|Type:||Ground attack and light bomber|
|Armament:||6 X 0.5” M2 machine guns; up to 10 5” rockets under outer wing panels; up to 6,000 lbs. bombs on underwong hardpoints|
|Empty Weight:||22,250 lbs.|
|Gross Weight:||35,000 lbs.|
|Cruise Speed:||284 mph|
|Maximum Speed:||373 mph|
|Powerplant:||2 X Pratt & Whitney R-2800-27 “Double Wasp” radial, 2,000 hp|
Courtesy of the City of Bridgeport, Connecticut
The A-26 was developed by Douglas Aircraft as a replacement for their A-20 “Havoc” to fulfill a requirement for a multi-role aircraft for both low-level ground attack and medium-altitude precision bombing. First test flown in 1942, it exceeded every stipulated design specification. With its twin 2000hp Pratt & Whitney R-2800 engines, the “Invader” was faster, had better performance and could carry more of a bomb load that either of the two primary medium bombers at the time, the North American B-25 “Mitchell” and Martin B-26 “Marauder.”
Two variants of the A-26 were produced; the “B”with a solid nose that could be configured with a combination of machine guns and cannons, and the “C”with a glass nose which held a bomb sight. The glass nose section of a “C” could be exchanged for a solid nose in only a few hours based on operational roles. Its devastating firepower made for a formidable weapon when it entered combat in 1944. It was the last U.S. Army Air Force ground attack and tactical bomber introduced in World War II.
Re-designated the B-26 in 1948, the plane served in the Korean Conflict and flew day and night interdiction missions against the communist ground forces. It returned to action for a third time in Southeast Asia from 1960 to 1969. The craft also served with the Tactical Air Command through the late 1960's and also saw service with Air National Guard units up to 1972.
The Museum's A-26C was delivered to the USAAF in November, 1944 and was assigned to the 416th Bomb Group (Light), 671st Bomb Squadron stationed at Melun, France.
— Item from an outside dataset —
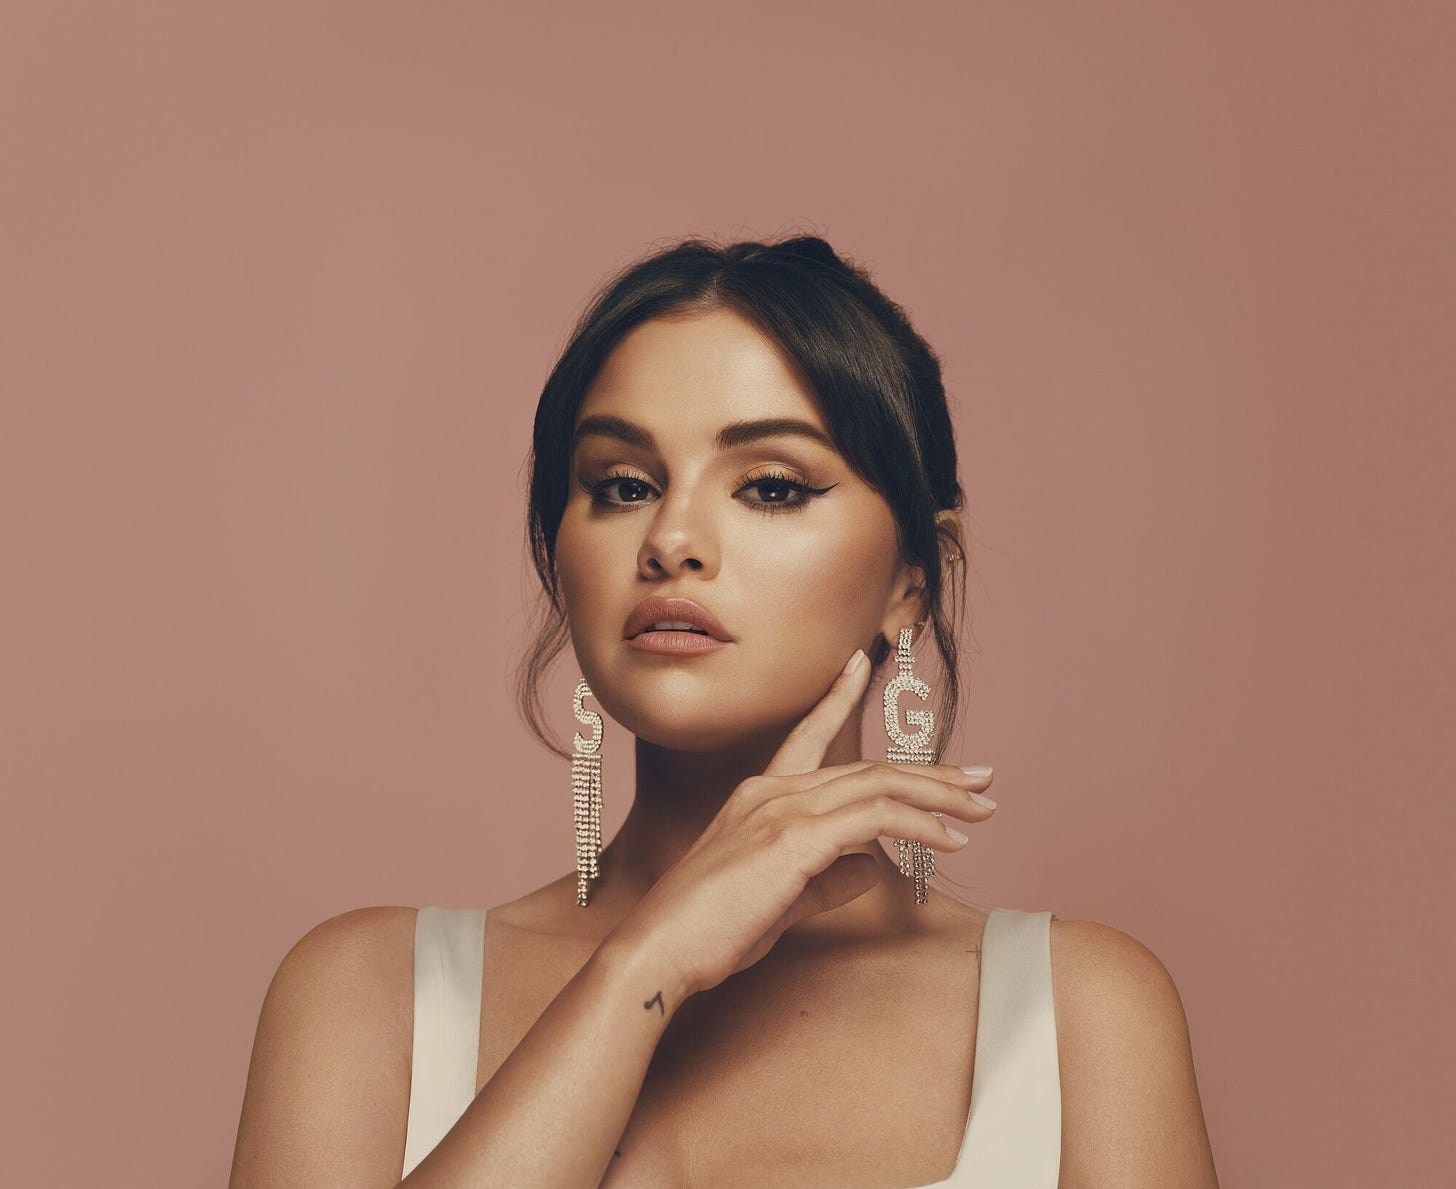 Selena Gomez poses with her hand under her chin, wearing long dangly earrings in the shape of an S and G, in front of a brown background.
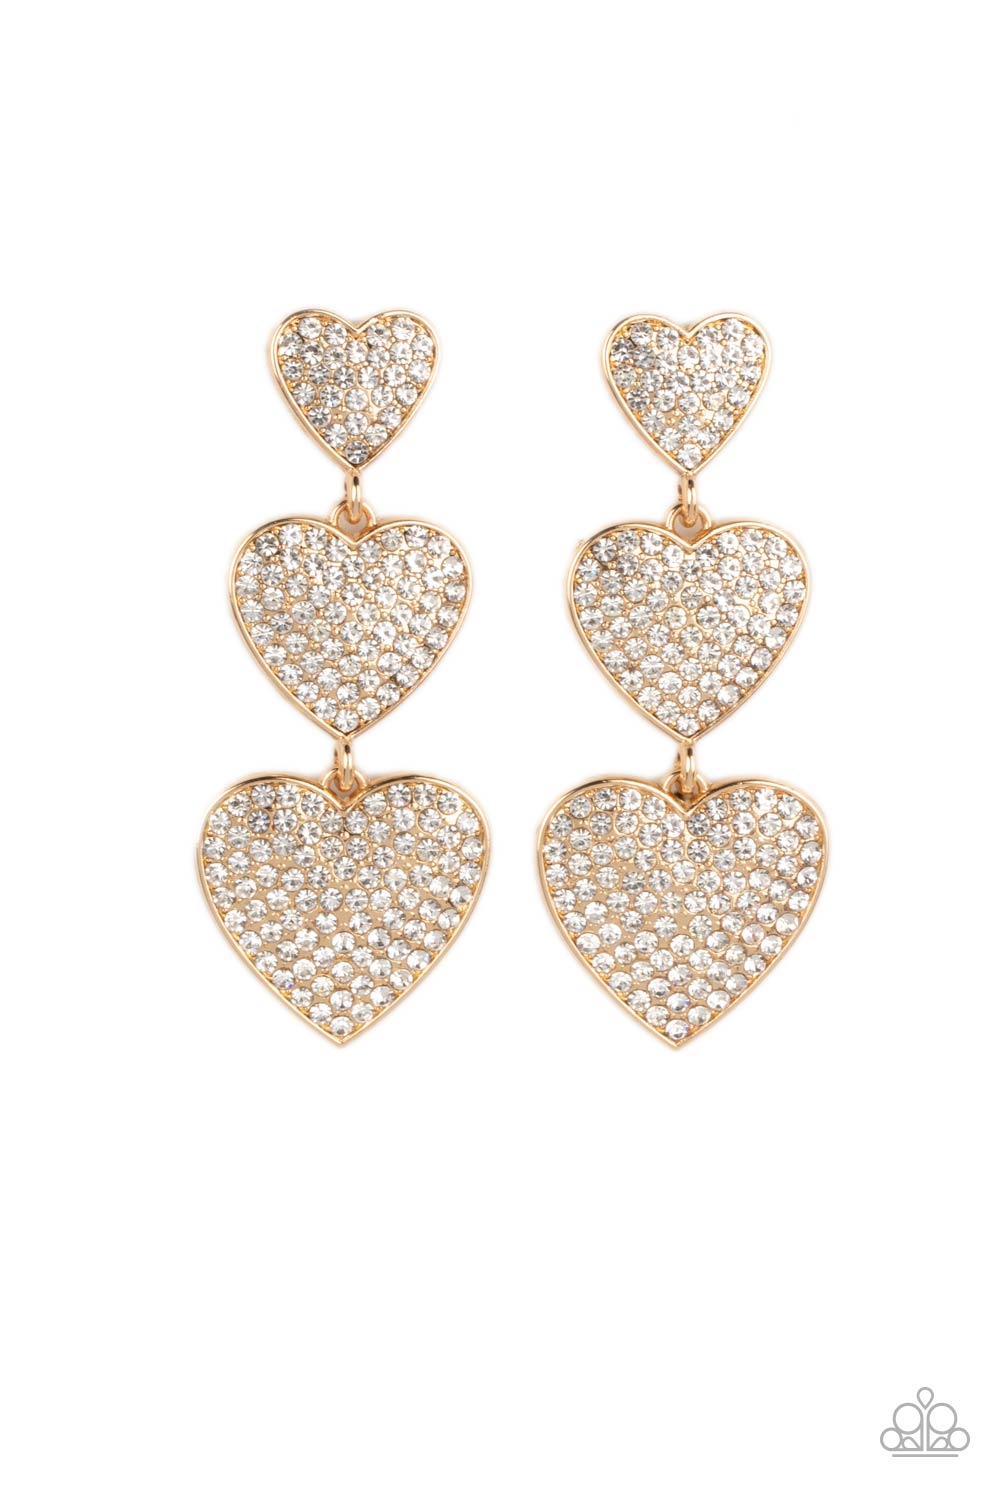 Paparazzi Accessories Couples Retreat - Gold Three white rhinestone-studded gold hearts gradually increase in size as they cascade down the ear in a shimmery display. Each of the hearts interconnect to one another adding a shifting, whimsical detail to th

After the aircraft removed from the Air Force inventory in 1957, ownership passed to the National Metals Corporation of Phoenix, Arizona in June, 1958. After eight years of civilian service, ownership transferred to its final civilian owner, Consolidated Aircraft Sales of Fairfield, New Jersey. Consolidated Aircraft Sales eventually abandoned the aircraft at the Sikorsky airport in Stratford, CT in 1969. In 1971, the Museum took ownership of the aircraft from the City of Bridgeport who had authority over the airport.
The restoration began in November, 2003 and the plane was moved from the Restoration Hangar to the Military Hangar in the middle 0f 2012.